Teza piwowarów jest taka: reklama nie tworzy popytu, ale nim steruje. Browary nie przekonują abstynentów do skosztowania trunku, ale walczą o względy tych, którzy lubią piwo i zastanawiają się, jaką markę wybrać. Powstaje jednak pytanie: skąd biorą się nowi piwosze? Browary odpowiadają: wzory czerpane są z domu, środowiska, od kolegów. Dlatego nie są ważne reklamy, ale dostępność piwa. Zamiast toczyć boje o majtki reklamowej modelki, zatroszczmy się, by piwa nie sprzedawano małolatom. Dlatego wraz z PARPA organizują i finansują kampanię „Alkohol – nieletnim dostęp wzbroniony”.
Dr Paweł Wójcik, psycholog z agencji badawczej IQS and Quant Group, uważa, że teza o braku związku między reklamami a popytem na piwo jest trudna do obrony. Jego firma prowadzi systematyczne badania stylu życia Polaków, pytając między innymi o picie piwa. Jeśli w 1997 r. 64 proc. ankietowanych przyznawało się do picia minimum raz w tygodniu, to w tym roku było to już 70 proc.
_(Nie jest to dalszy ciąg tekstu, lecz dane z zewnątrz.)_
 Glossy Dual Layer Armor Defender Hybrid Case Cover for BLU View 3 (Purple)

– Ten wzrost nastąpił wśród ludzi młodych oraz kobiet, czyli tych, do których wyjątkowo często adresowane są reklamy – wyjaśnia dr Wójcik dodając, że nie chce oceniać tego zjawiska, bo jest zwolennikiem poglądu, że w gospodarce rynkowej wszystko, co jest sprzedawane legalnie, powinno mieć prawo do reklamy.
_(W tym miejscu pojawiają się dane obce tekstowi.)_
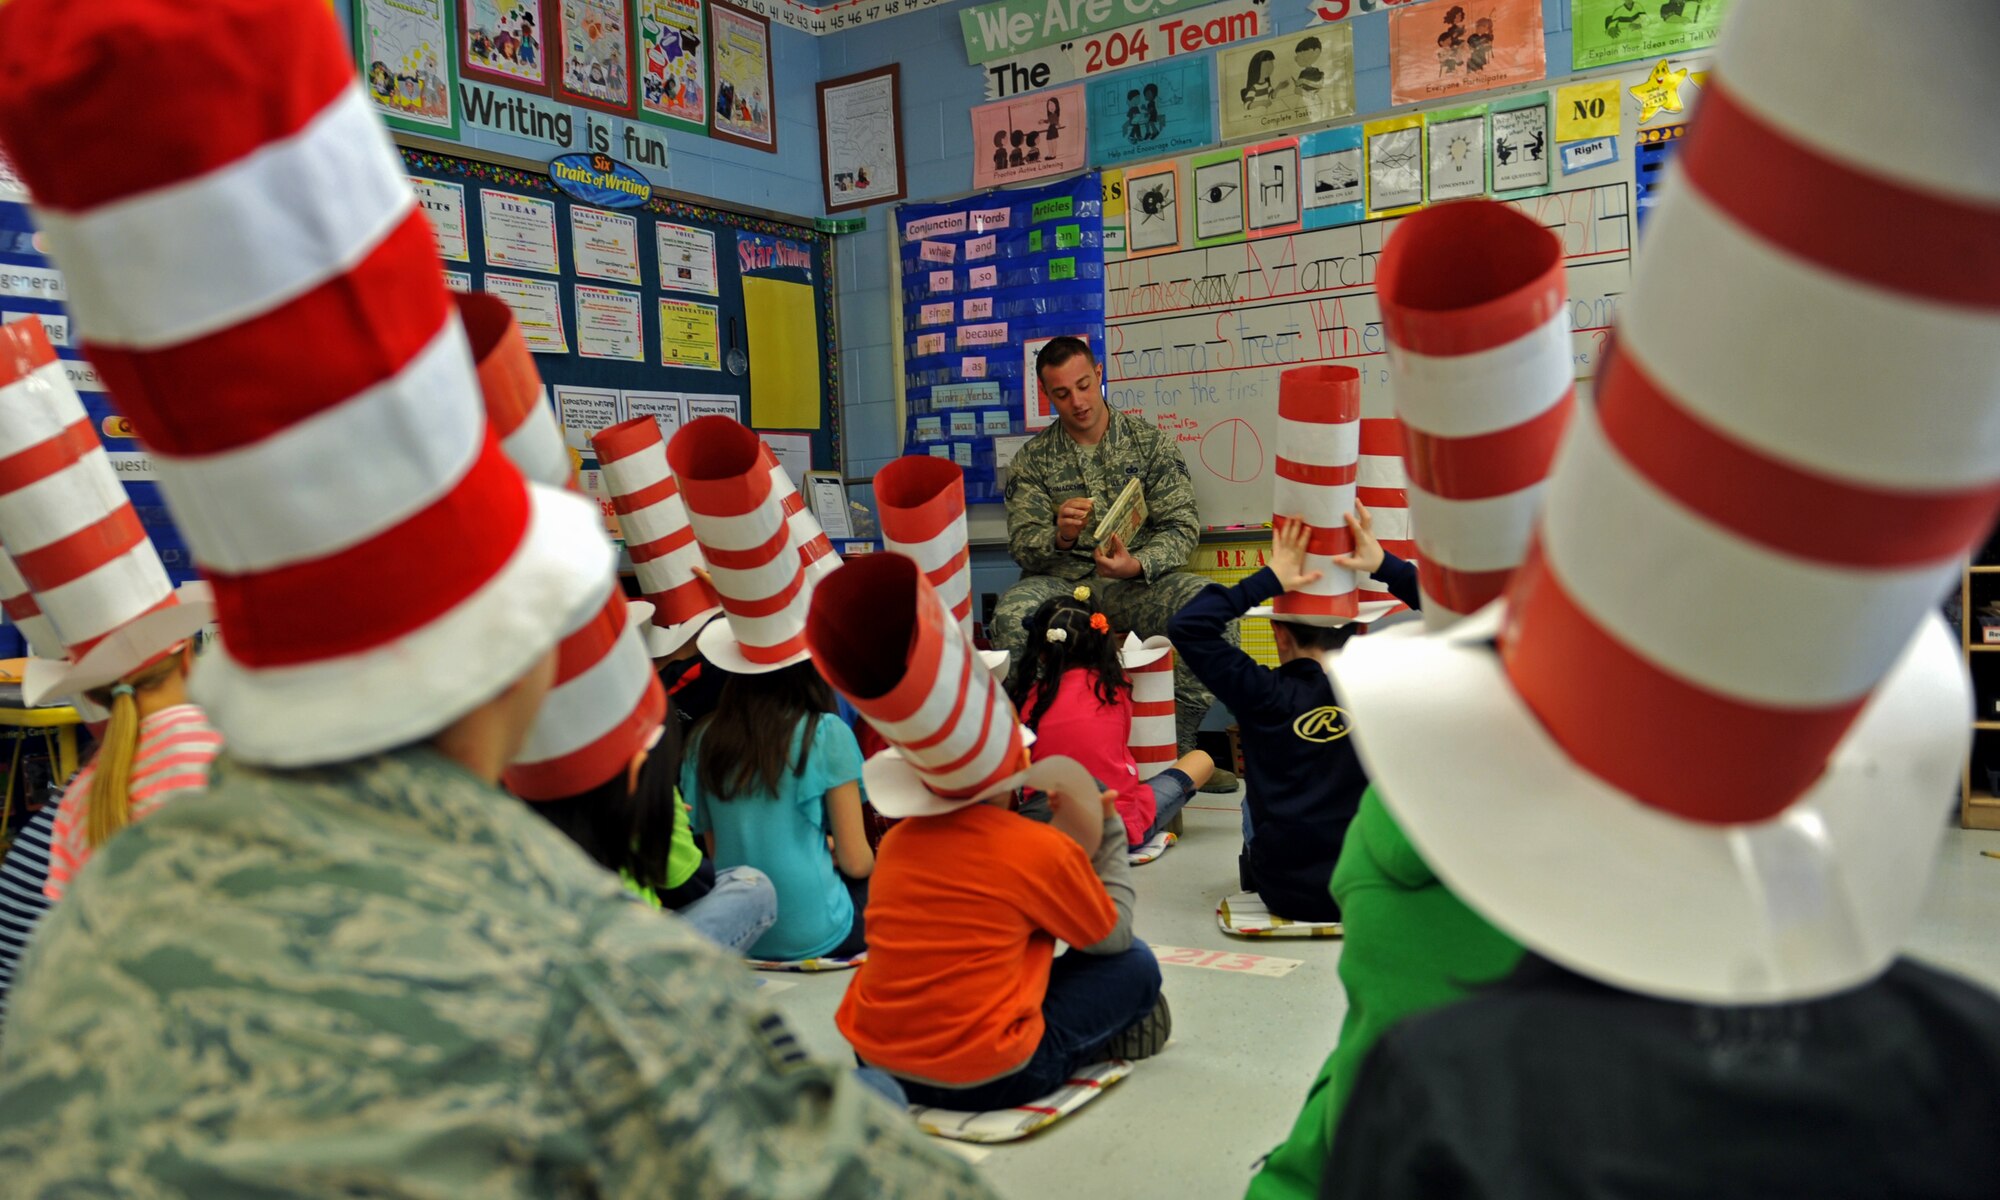 Staff Sgt. Charles Cornacchio, a member of the 51st Security Forces Squadron, reads a book to third-grade students during Read Across America Day in celebration of Dr. Seuss’ Birthday at Osan Air Base, Republic of Korea, March 5, 2014. More than 50 Team Osan military members volunteered to read to 21 Osan American Elementary School classes. (U.S. Air Force photo/Senior Airman Siuta B. Ika)

Młodzież i kobiety to grupy w ogóle dość podatne na działania reklamowe. Zwłaszcza te, które stosowane są w promocji piwa. Używa się tu najczęściej argumentów emocjonalnych odwołujących się do wartości ważnych dla wybranych grup konsumentów, np. przyjaźni (Tyskie, Królewskie), profesjonalizmu (Dębowe), marzenia o wielkim świecie (Carlsberg), upodobania do przyrody (Żubr), humoru (Dog in the Fog). Występują popularni aktorzy (Lubaszenko, Gąsowski). Taka poetyka sprawia, że w agencjach reklamowych trwa nieustanne poszukiwanie niezagospodarowanych skojarzeń, które mogą być wykorzystane w kolejnych kampaniach. A także znanych postaci, które gotowe byłyby wystąpić w piwnych reklamach. Z tym akurat jest problem, bo nie wszyscy się godzą. Nawet Zbigniew Zamachowski zadeklarował niedawno, że odmawia browarom, bo nie chce być kojarzony z piwem. Być może deklaracja dotyczyła polskiego rynku. W Wielkiej Brytanii jest dziś niewątpliwie najsłynniejszą piwną twarzą.
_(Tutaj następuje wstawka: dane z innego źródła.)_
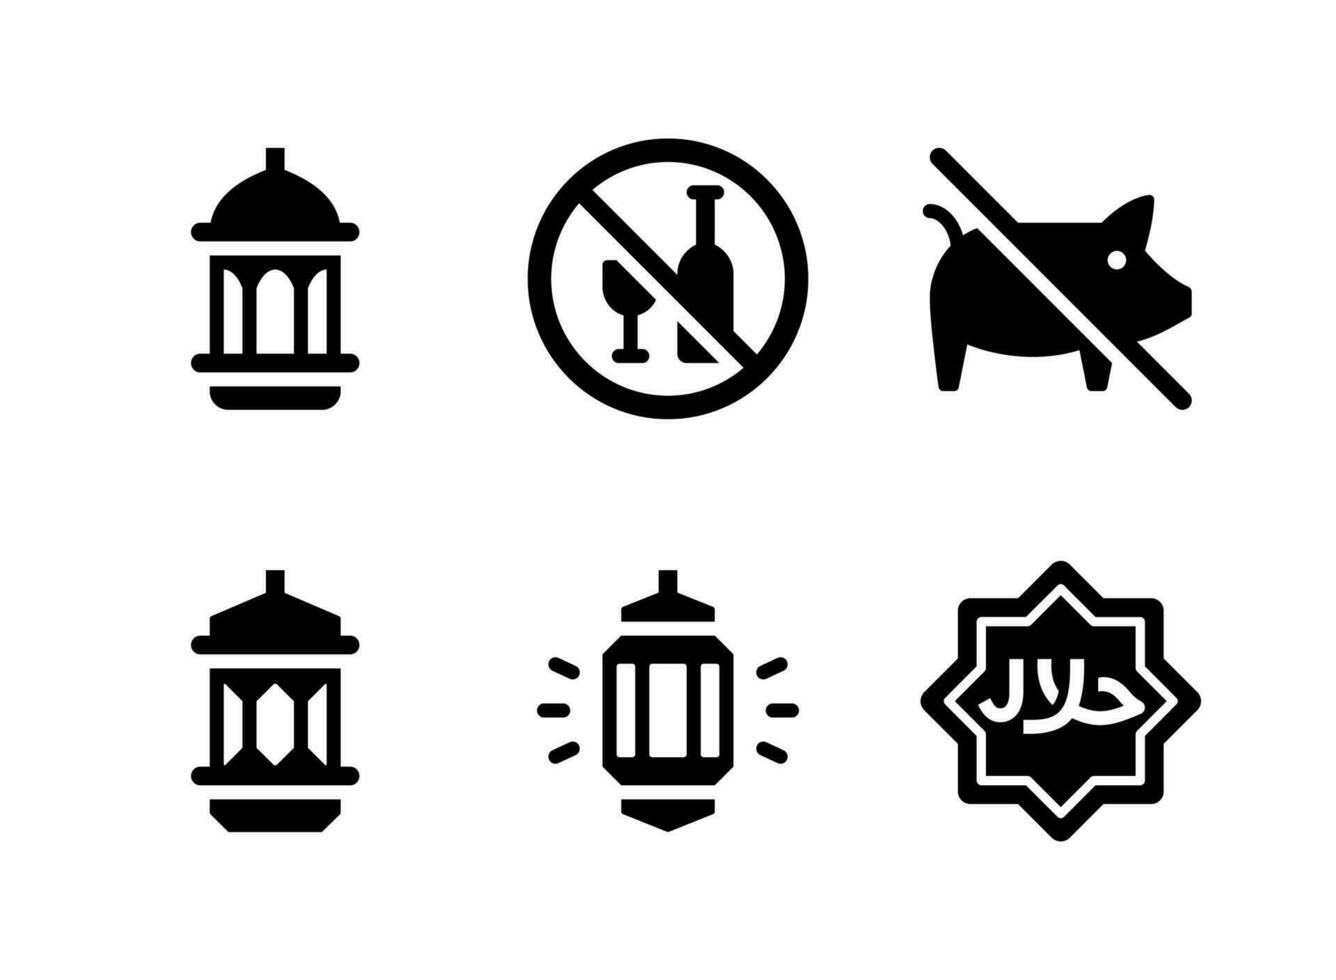 Simple Set of Ramadan Related Vector Solid Icons. Contains Icons as Lantern, No Drinking, Halal Label and more.

Cenzura rozwija wyobraźnię
Browary to jeden z filarów polskiego rynku reklamy. W ubiegłym roku wydały na promocję ponad 300 mln zł. Dlatego twórcy reklam z pokorą przyjęli kodeks piwnej reklamy i nie narzekają. Klient nasz pan. Kot Przybora, twórca legendarnego już reklamowego przeboju „Mariola o-kocim spojrzeniu”, w którego agencji powstała niedawno kampania piwa Żubr (żubry mruczące partyzancką piosenkę) czy piwa Dog in the Fog (ludzie spacerujący po ulicach z niewidzialnym psami) zapewnia, że jemu ograniczenia nie przeszkadzają, bo w jego agencji preferowane są pomysły takie bardziej abstrakcyjne. W podobnym tonie wypowiada się Marek Żołędziowski, prezes Saatchi&Saatchi: – Ograniczenia pobudzają wyobraźnię twórców reklam do szukania niestandardowych pomysłów.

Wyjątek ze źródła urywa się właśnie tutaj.